OSAKA – Yokozuna Asashoryu still looked shaky but got the job done with a fanciful leg trip against Tochinonada to stay one win off the pace at the Spring Grand Sumo Tournament on Thursday.
The Mongolian grand champion debutant was a far cry from his usual truculent self as the final bout got under way on the fifth day of action at Osaka Prefectural Gymnasium.
Asashoryu has struggled with his confidence, moving tentatively about the raised-ring, since an embarrassing defeat to compatriot Kyokutenho on the third day of the 15-day meet.

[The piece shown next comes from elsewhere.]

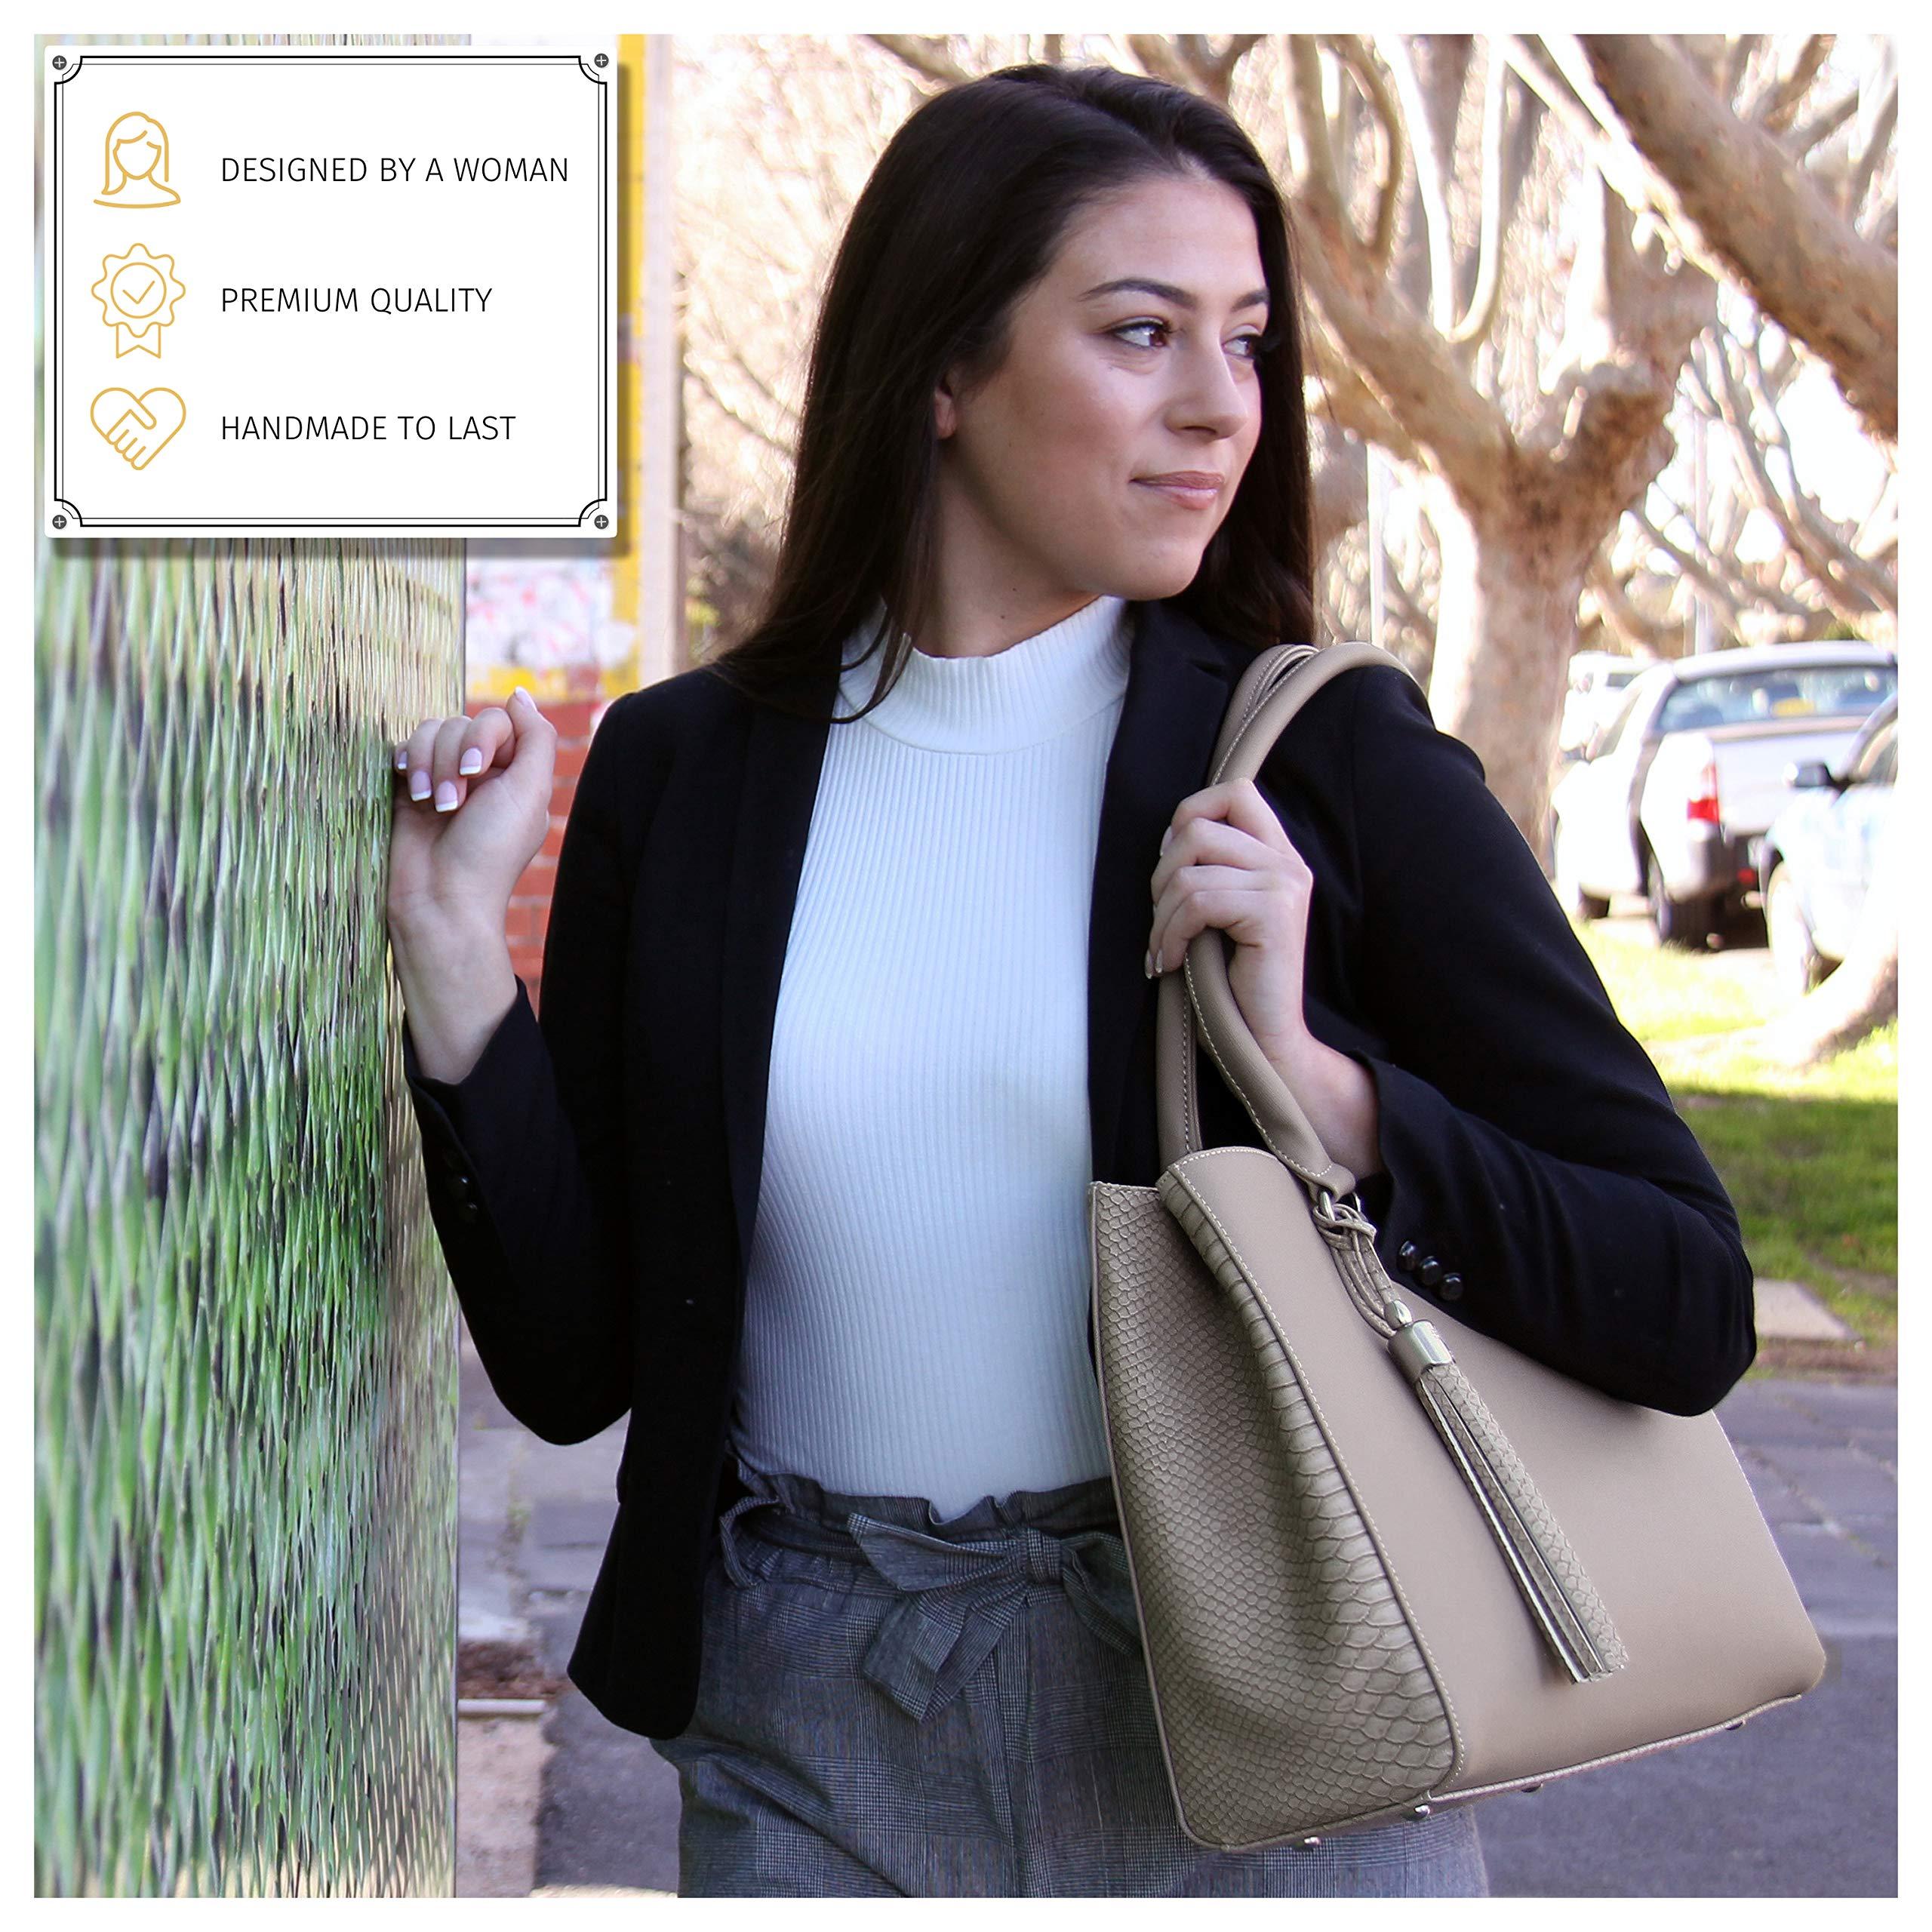 BFB Replacement Purse Handbag Laptop Bag Briefcase Messenger Travel Tote Handmade Shoulder Straps Make Your Bag Look with New Detachable Professional Designer Handles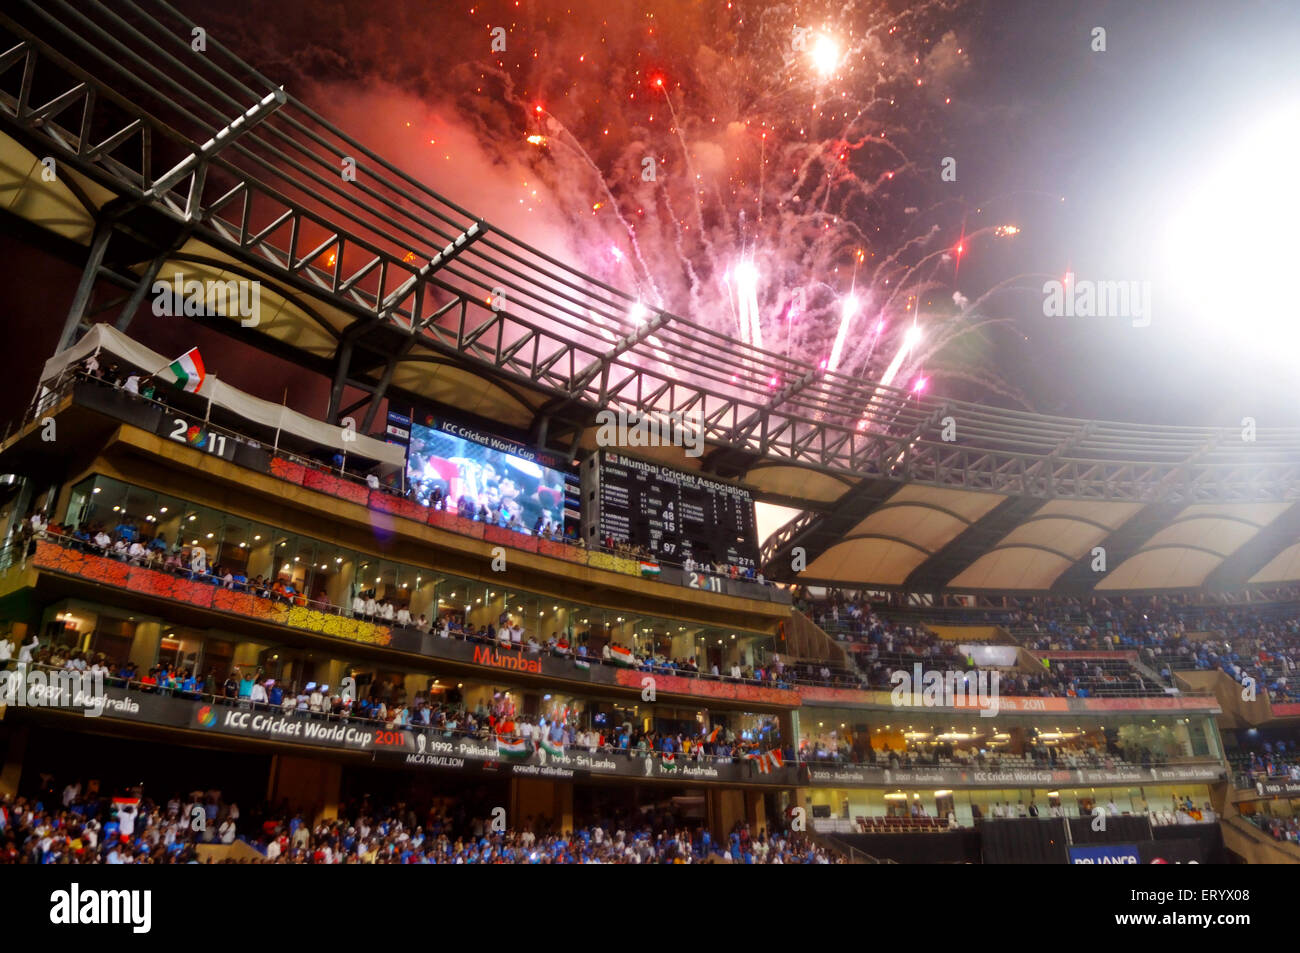 Fire crackers busted defeated Sri Lanka ICC Cricket World Cup 2011 final match Wankhede Stadium Mumbai India - Stock Image

The 22-year-old from Ulan Bator immediately got locked at the ring’s center and had a heated tussle with the No. 2 maegashira before he was able to nozzle up for an outside leg trip that moved him to 4-1.
Meanwhile, Chiyotaikai was never tricked by a sidestepping Takanonami (2-3) in the penultimate bout and maintained his three-way tie with journeymen Kotoryu and Jumonji at 5-0.
The ozeki further eased his relegation worries, quickly ramming Takanonami over the bales before any kind of counterattack could be mustered by the top-dog maegashira.
Musoyama redeemed some much-needed respect for a beleaguered ozeki camp notching his first win of the meet against Shimotori. The ozeki, however, still appeared unsure of himself as he bellied out the third-ranked grappler to move to 1-4.
In the day’s upset, a late charge at the faceoff cost Kaio his bout against the bulldozing Dejima. The komusubi swiftly pounded the ozeki over the edge to his second loss.
The “kadoban” ozeki needs eight wins to keep his ranking after missing the past two meets with an arm injury.
Wakanosato (3-2), who has returned to the rank of sekiwake after an impressive 11-4 mark in January, made a weak attempt at defense against Wakanoyama (2-3), backpedaling out for his first ever loss to the fourth-ranked grappler.
Fellow sekiwake Kotomitsuki (2-3) faired no better, tumbling face forward onto the clay as he was yanked down by komusubi Tosanoumi (3-2).
Takamisakari did his best to excite himself and the crowd but again was more bark than bite. The No. 2 maegashira was promptly flung headlong to his fourth loss by sixth-ranked Iwakiyama (3-2).